À brève échéance, toutefois, la société ne devrait pas être confrontée à une crise des liquidités malgré sa lourde dette à long terme d’environ 9,3 milliards US, ont estimé les deux agences. Bombardier pourra réduire son endettement grâce à l’argent qui sera récolté grâce à la vente d’actifs, dont sa participation dans l’A220 et la cession de Bombardier Transport au géant français Alstom.

Plusieurs questions

« Ça ne regarde pas bien, a estimé Richard Aboulafia, analyste de la firme américaine Teal Group, au cours d’un entretien téléphonique. Il y a un étrange enchaînement de circonstances qui pourrait se traduire par un désastre. Il s’agit non seulement d’une baisse de la demande pour une compagnie qui sera moins diversifiée, mais aussi de la dégringolade du prix du brut. »

À son avis, le plongeon du prix du baril de pétrole devrait affecter la demande pour les jets d’affaires à large cabine comme le Global 7500 — sur lequel mise Bombardier — puisque de nombreuses entreprises du secteur énergétique dans le monde n’auront plus les moyens de se payer un avion qui se vend au moins 72,5 millions US.

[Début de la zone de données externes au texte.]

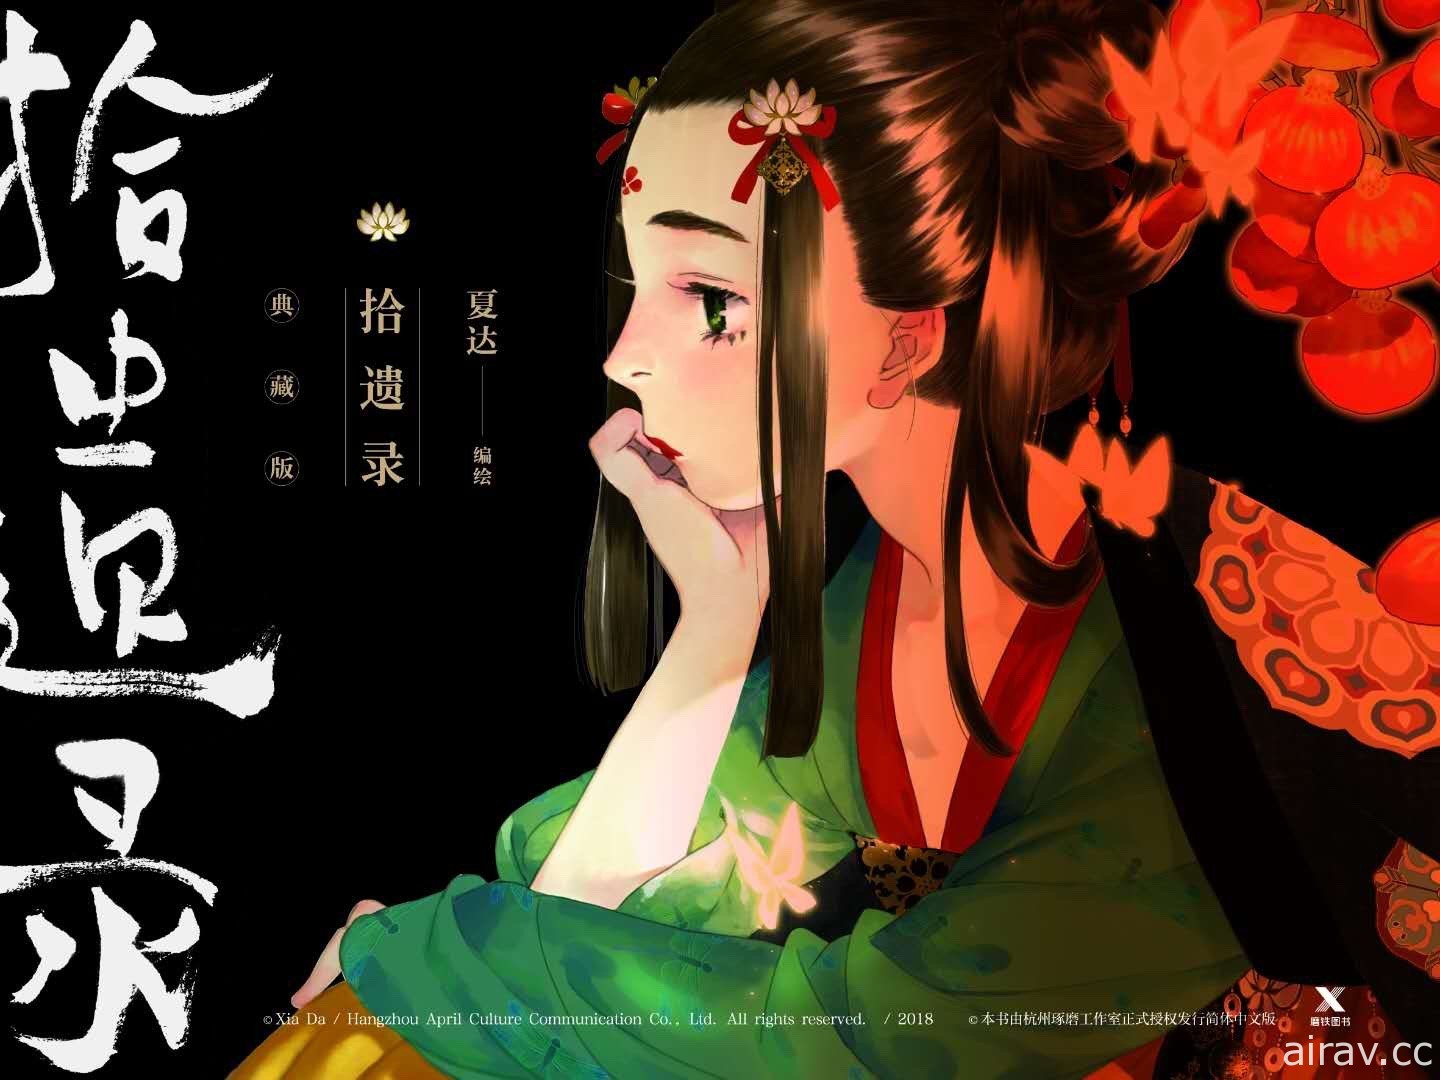 夏達最新作《拾遺錄》全彩漫畫單行本將於 5 月在中國上市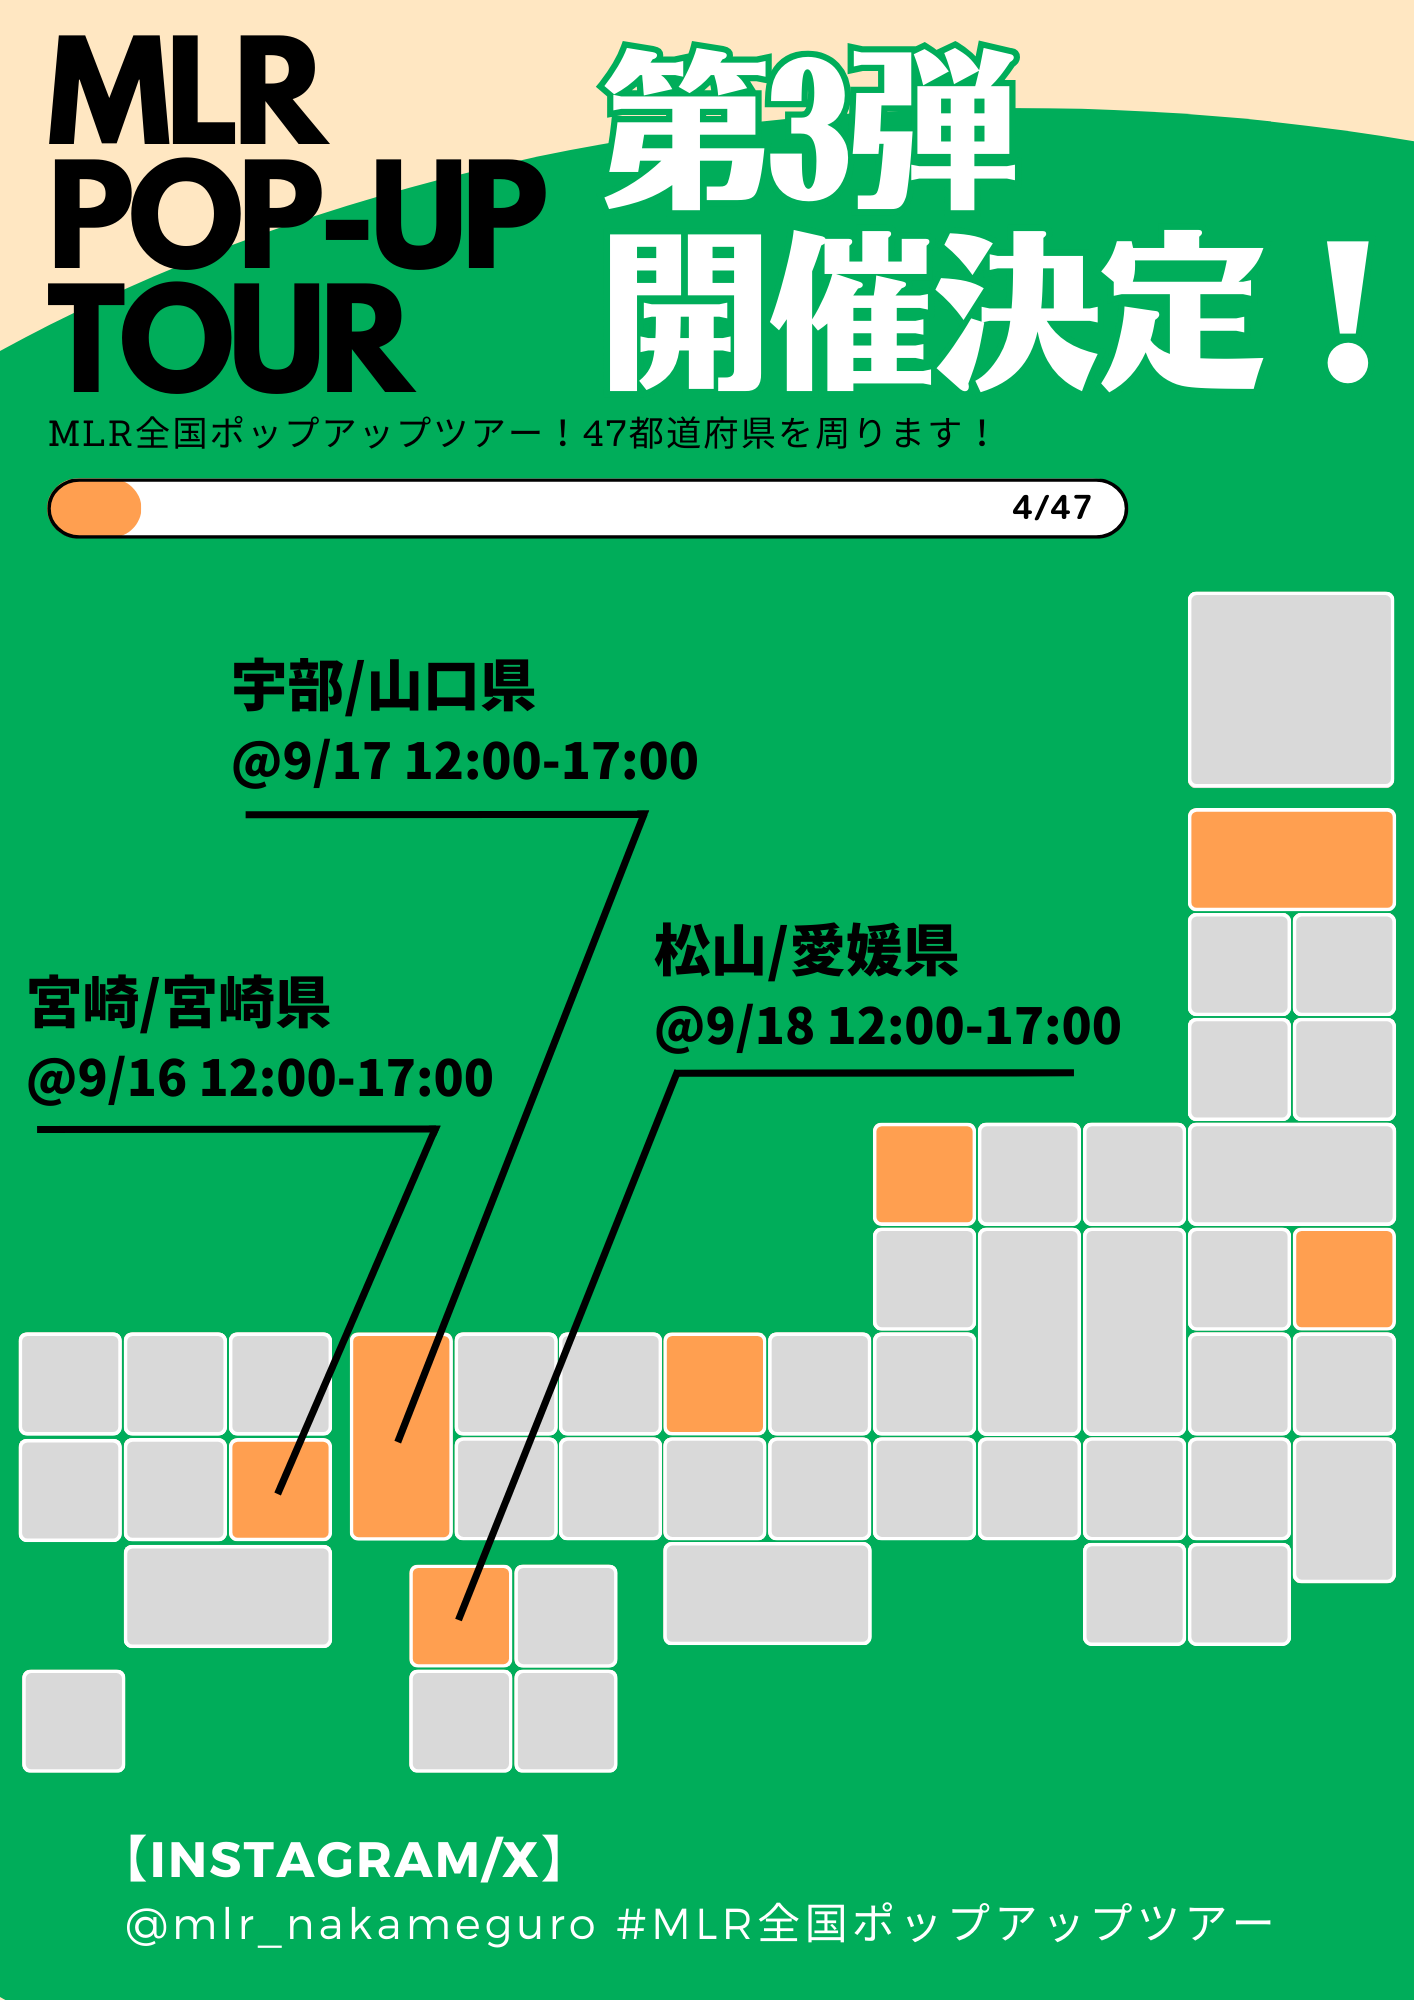 9/16(土)、17(日)、18(月･祝) 宮崎&山口&愛媛出張イベント開催！

De plus, contrairement à ses concurrents qui sont derrière les Gulfstream et Falcon, Bombardier ne sera plus présente dans d’autres secteurs permettant de mieux résister aux périodes turbulence si la vente de sa division ferroviaire au géant français Alstom se concrétise.

Seth Seifman, de la banque américaine J. P. Morgan, a indiqué dans un récent rapport que la situation des liquidités figurait parmi ses « principales préoccupations ».

L’analyste s’attend à ce que Bombardier livre 91 appareils en 2020, alors que sa prévision précédente tablait sur 162 unités. En 2021, l’analyste anticipe 129 livraisons, par rapport à 164 auparavant.

M. Aboulafia croit également que si Bombardier devait à nouveau se tourner vers les gouvernements dans l’espoir d’obtenir un coup de pouce, l’entreprise pourrait essuyer un refus, ce qui fait grimper davantage le niveau d’incertitude.

Pour sa part, Jacques Roy, professeur à HEC Montréal notamment spécialisé dans la gestion des transports, croit à une certaine reprise du marché des avions d’affaires après la tempête. Il croit néanmoins que des décisions difficiles attendent Éric Martel, qui a dirigé Hydro-Québec pendant cinq ans avant d’être nommé à la tête de Bombardier.

« Une fois que l’on se sera départi de la division transport, il faudra ramener la structure de l’entreprise à un niveau où l’on ne gère qu’un seul secteur », a-t-il expliqué, au bout du fil, en disant s’attendre entre autres à une nouvelle rationalisation au sein de la compagnie.

Pas d’accord

Dans un courriel, le porte-parole de Bombardier, Olivier Marcil, a signifié son désaccord avec les analyses des deux agences, en rappelant que plusieurs compagnies avaient fait l’objet d’une décote depuis la tempête provoquée par la COVID-19.

Il a indiqué que Standard & Poor’s et Fitch avaient aussi « mis en évidence la solide position de liquidité de Bombardier à court terme » et sa position de chef de file dans le secteur des avions d’affaires.

Une tranche de dette évaluée à 1,48 milliard US arrive à échéance en 2021 et une autre de 1,7 milliard US est prévue pour l’année suivante.

L’entreprise a récemment décidé de reporter son assemblée annuelle des actionnaires qui devait avoir lieu le 7 mai. La nouvelle date n’a pas été déterminée, mais le rendez-vous se tiendra avant le 30 juin.